Indian businessman (born 1962)

Gautam Shantilal Adani (/gu/) (born 24 June 1962) is an Indian billionaire businessman who is the founder and chairman of the Adani Group, a multinational conglomerate involved in port development and operations in India. As of June 2026, Adani is ranked as the second richest person in India and 24th in the world, with a net worth of $89.6 billion. In 2022, Time magazine included him in the 100 most influential people in the world.

As a teenager, Adani moved to Mumbai in 1978 to work as a diamond sorter for Mahendra Brothers. In 1981, Adani managed his elder brother's plastic unit in Ahmedabad which was his gateway to global trading through polyvinyl chloride (PVC) imports and establishing the Adani Group in 1988.

Adani has been described as being close to India's Prime Minister Narendra Modi and to his ruling Bharatiya Janata Party government which has led to allegations of cronyism. In January 2023, the American short selling activist firm Hindenburg Research accused Adani of stock manipulation and fraud. In January 2024, the Supreme Court resolved the Adani Group stocks dispute arising from Hindenburg Research's allegations and dismissed requests for an SIT or CBI investigation.

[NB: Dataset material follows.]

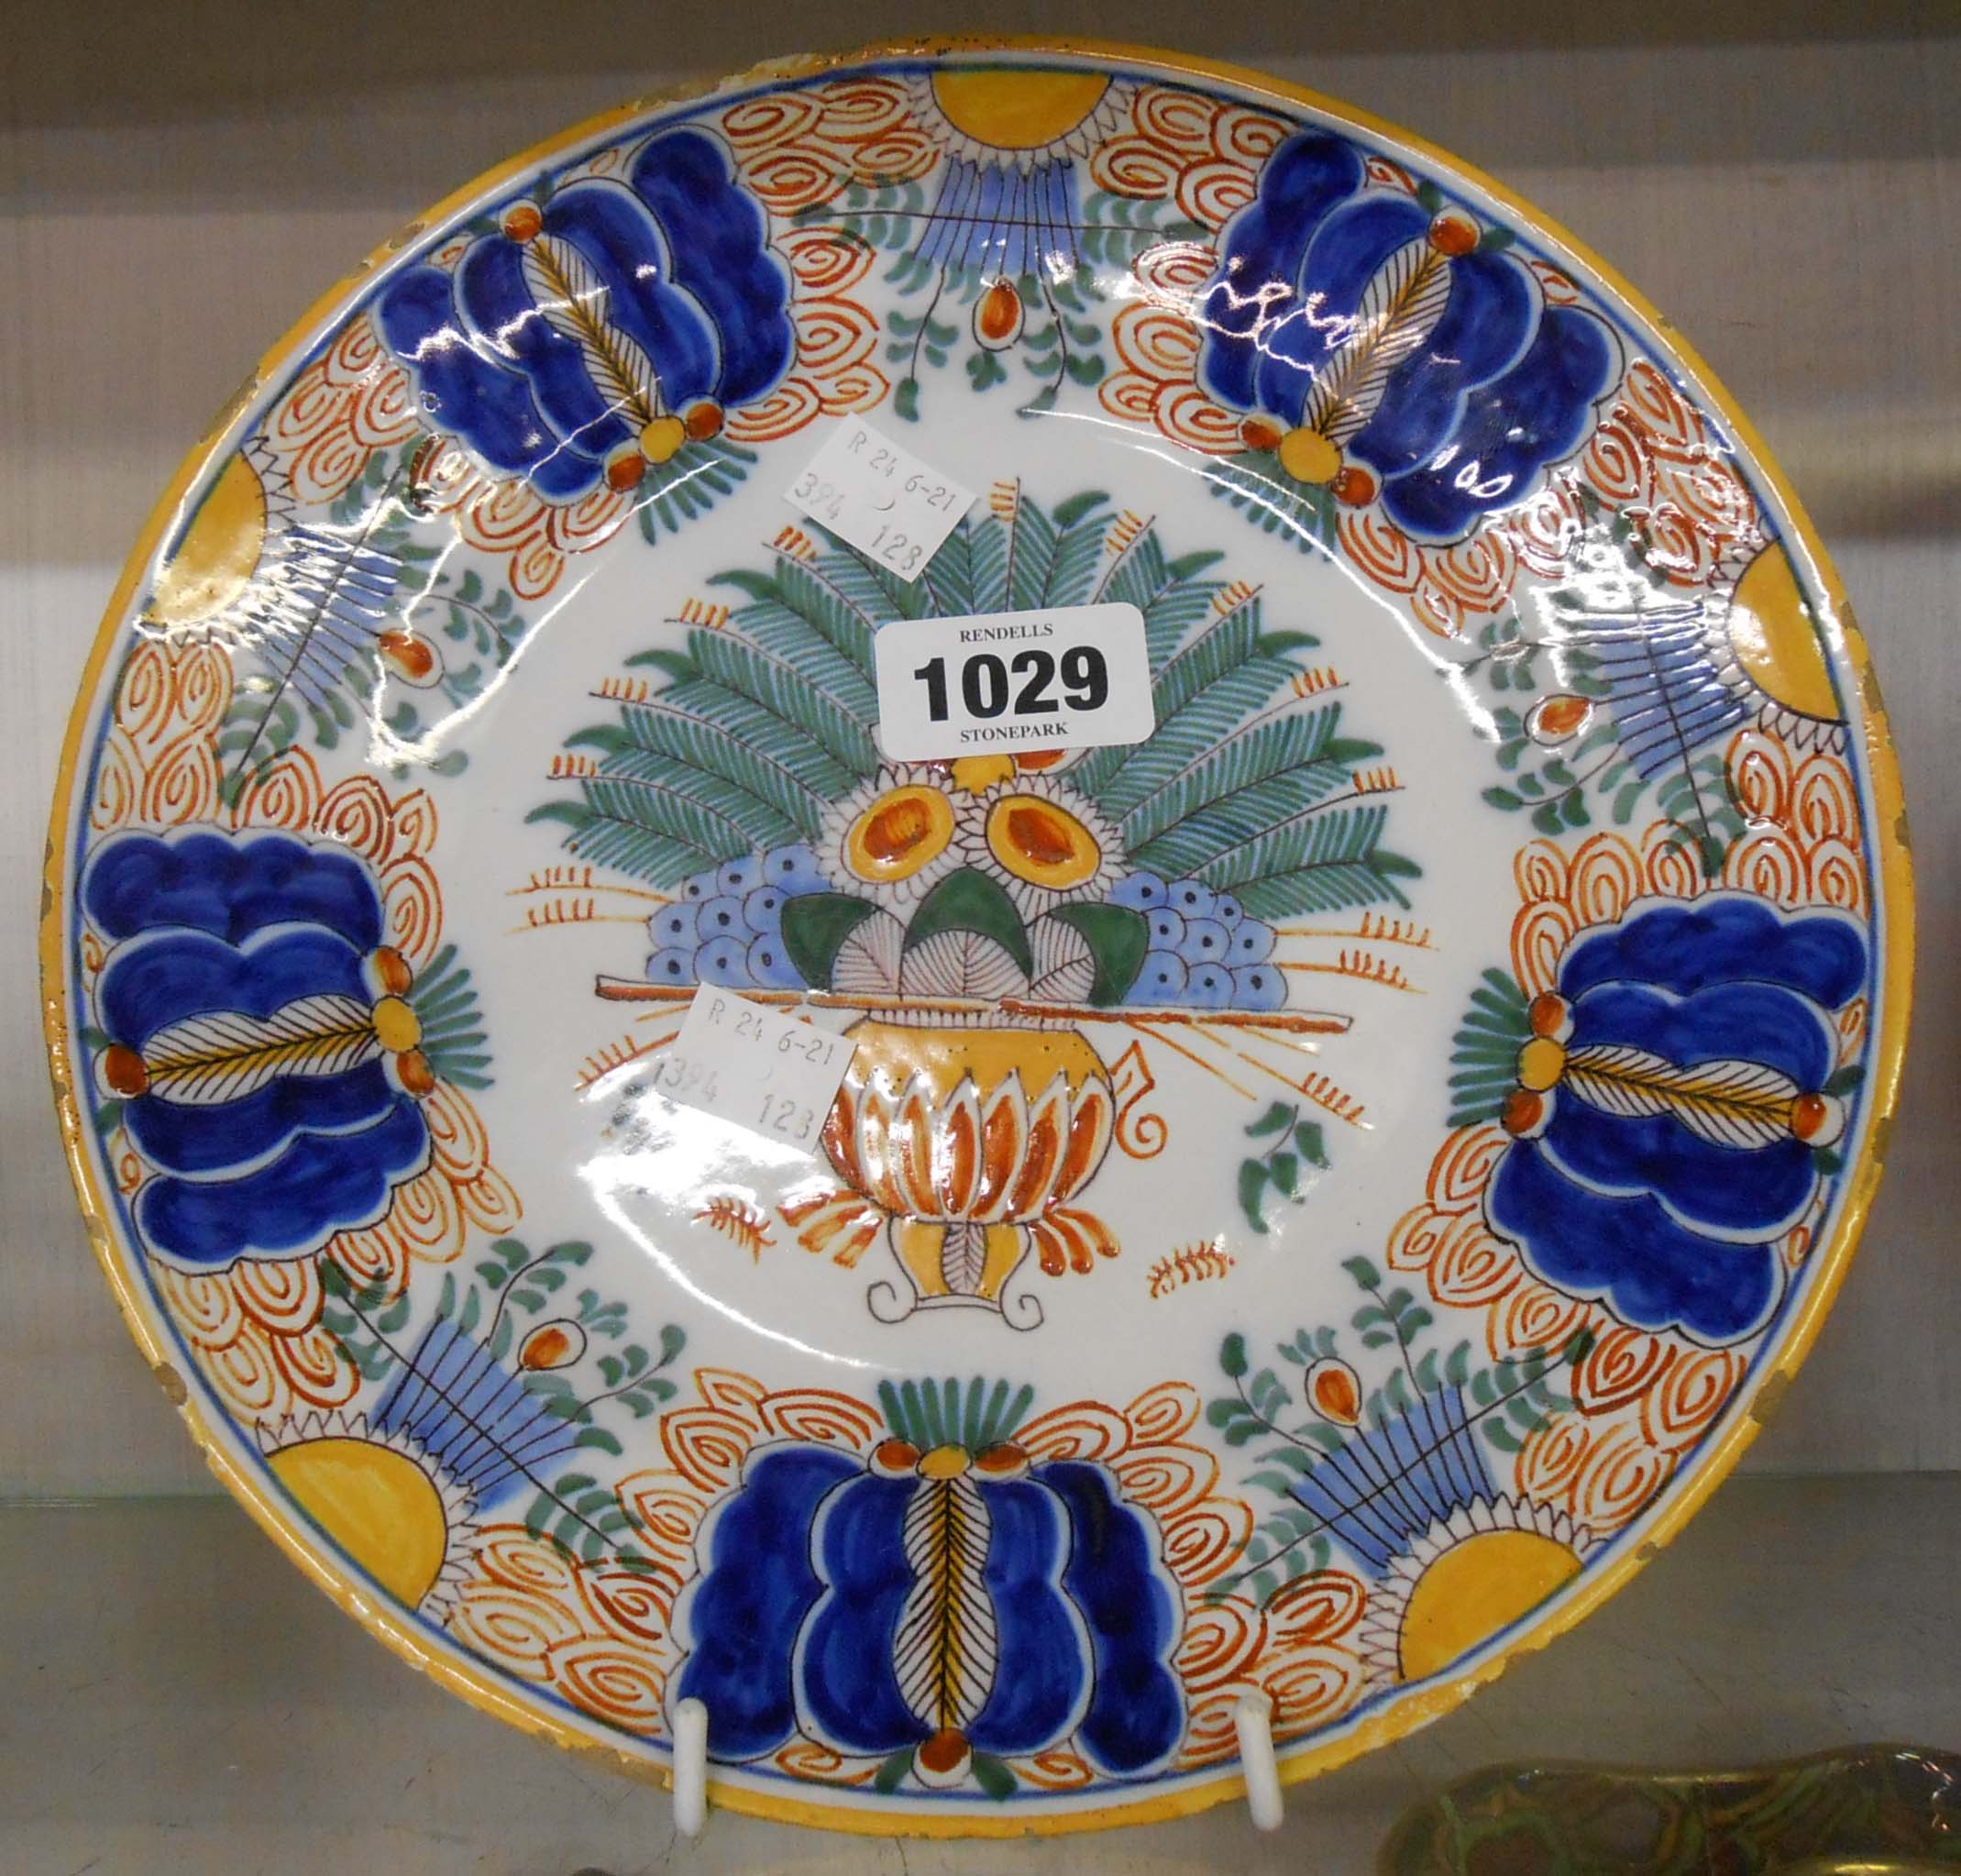 An 18th Century Dutch Delft plate hand painted in polychrome with a large central floral urn

On 20 November 2024, a five-count criminal indicment by the U.S. Attorney's Office in Brooklyn, New York, charged Adani and executives for five criminal counts of bribery. Adani is alleged to have paid over $250 million in bribes to Indian government officials to secure contracts in Andhra Pradesh, Chhattisgarh, Odisha, Jammu and Kashmir, and Tamil Nadu.

== Early life and education ==
Adani was born on 24 June 1962 into a Jain family to Shantilal and Shantaben Adani in Ahmedabad, Gujarat. He has seven siblings. His parents had migrated from the town of Tharad in the northern part of Gujarat. His father was a small textile merchant.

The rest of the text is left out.